━━ Data block ━━

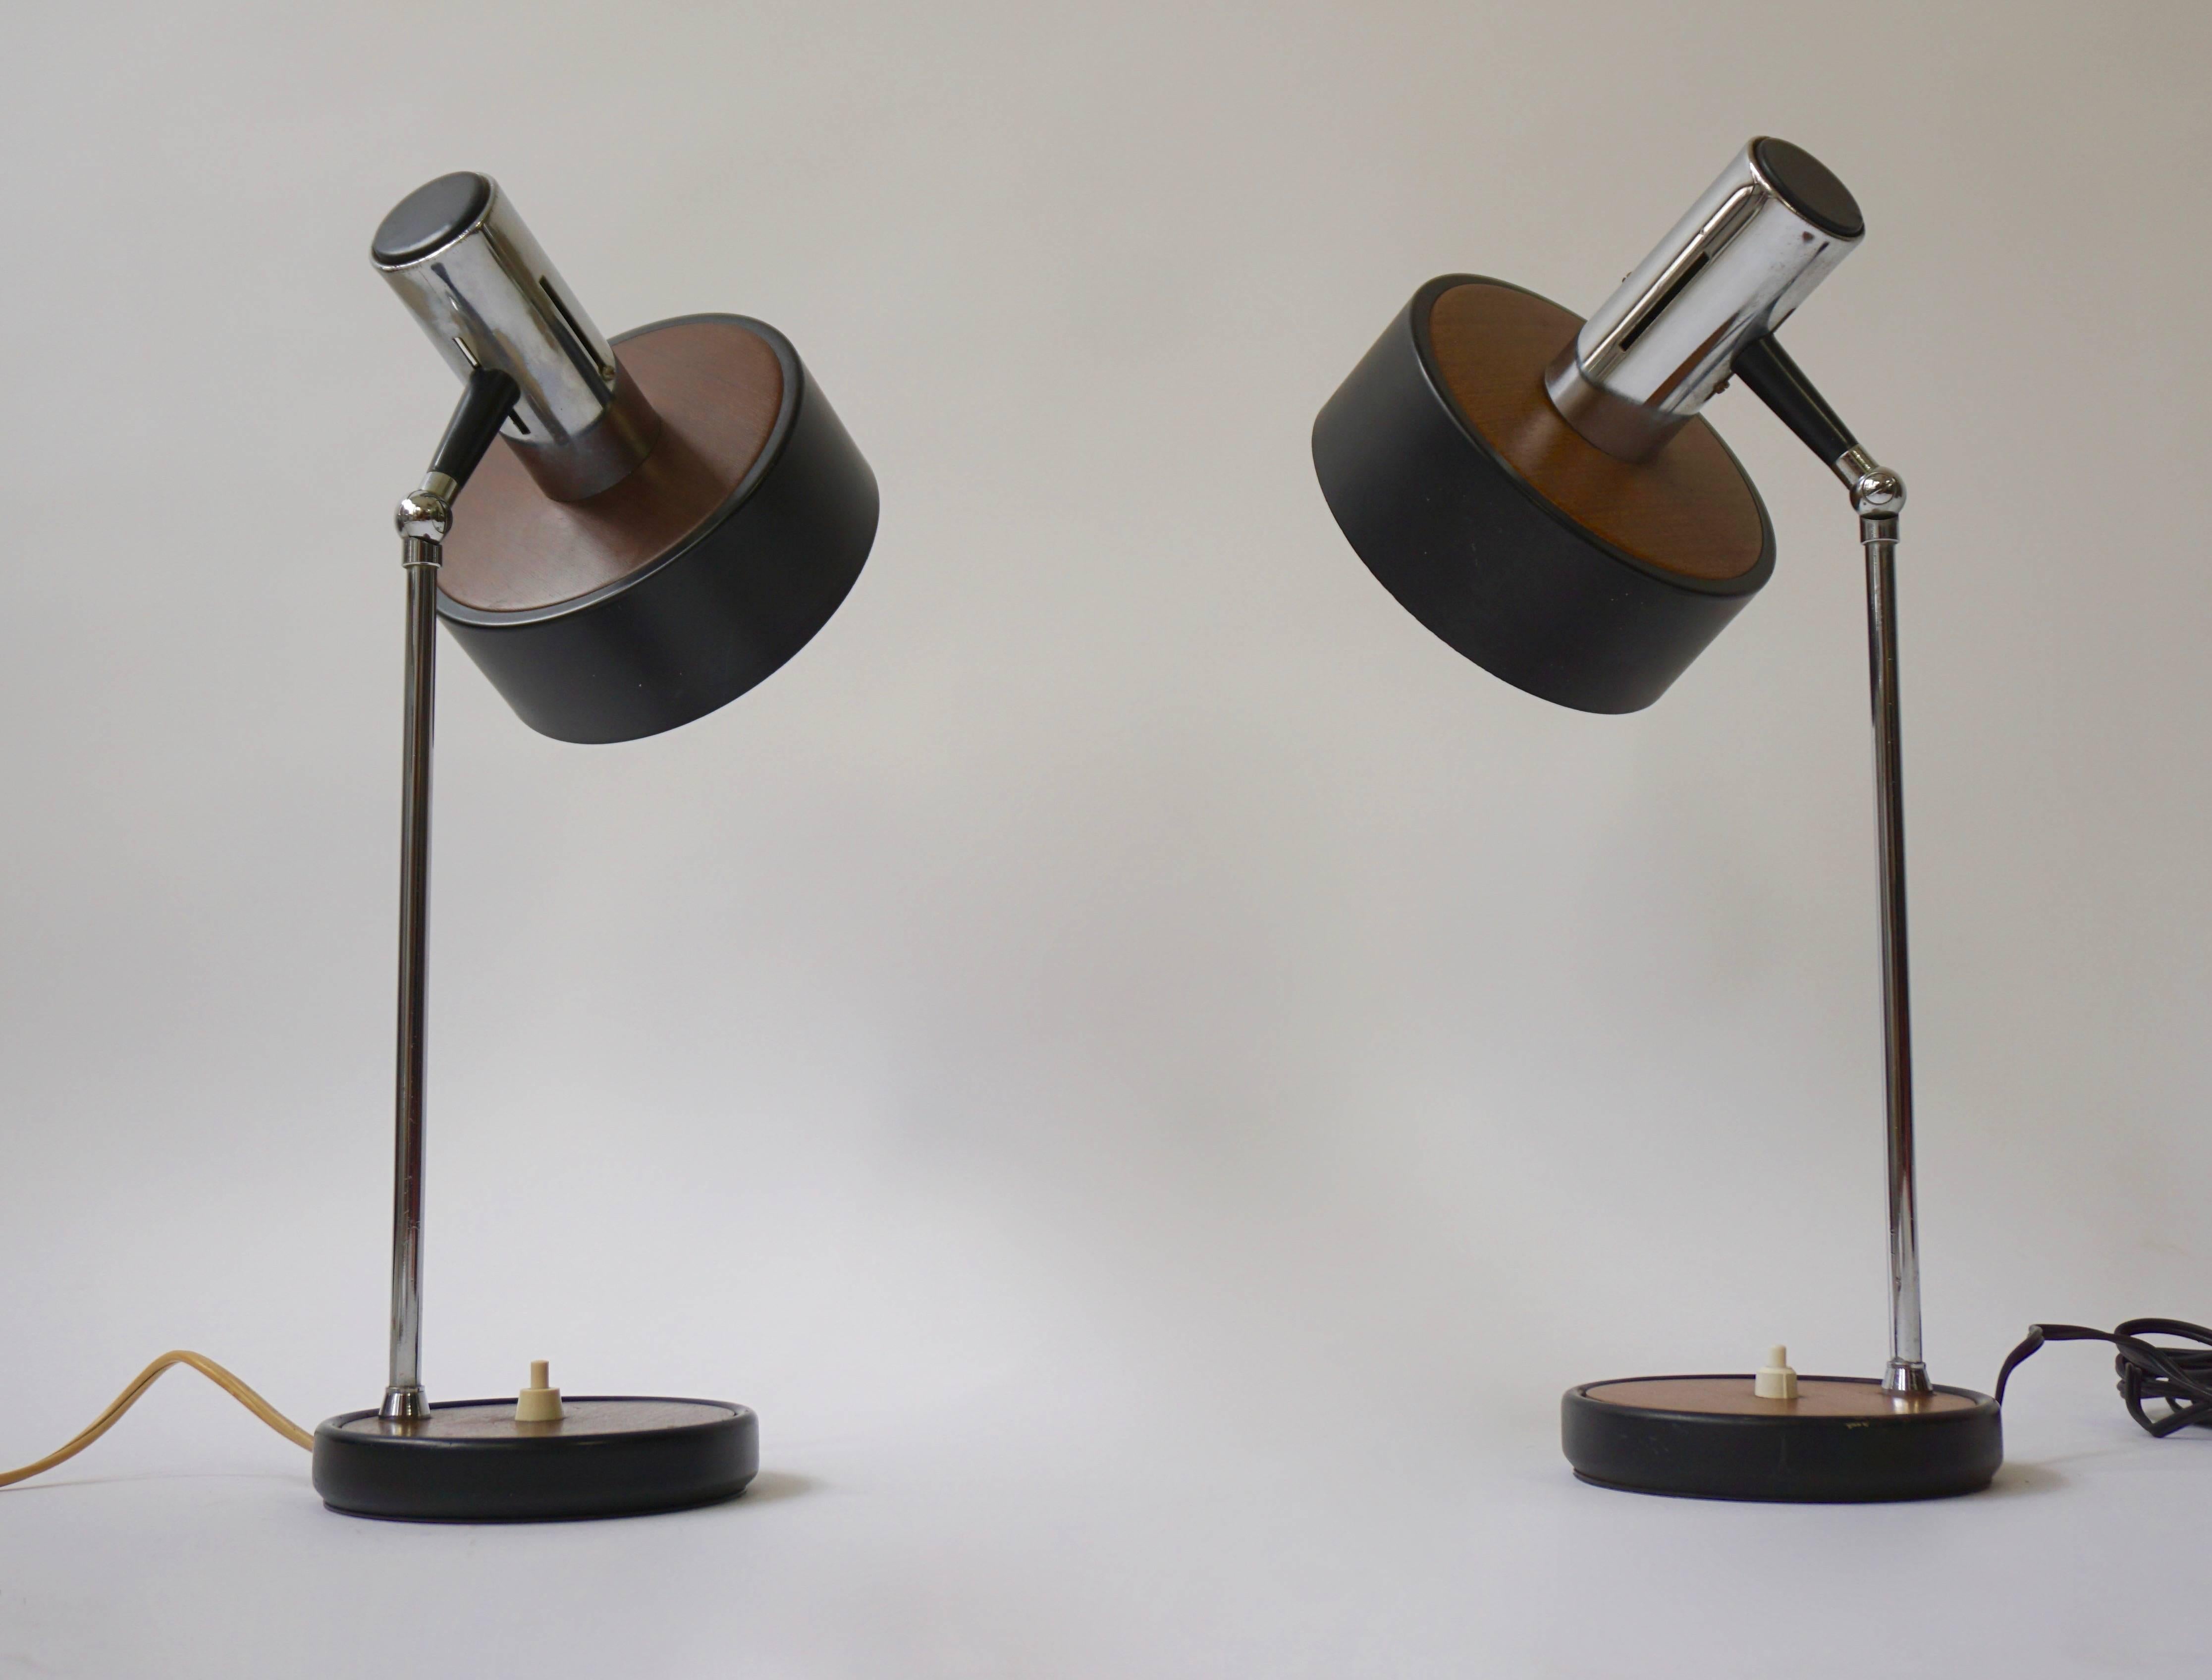 Two Italian adjustable desk lamps.
Dimensions: 20 cm diameter and 47 cm high.
One E27 bulb.

━━━

▶ **What the exercise asks**
The assignment is to restate, word for word, each line from the one containing "Dimensions: 20 cm diameter and 47 cm high." through the final line of the material above.

▶ **Response area**
Dimensions: 20 cm diameter and 47 cm high.
One E27 bulb.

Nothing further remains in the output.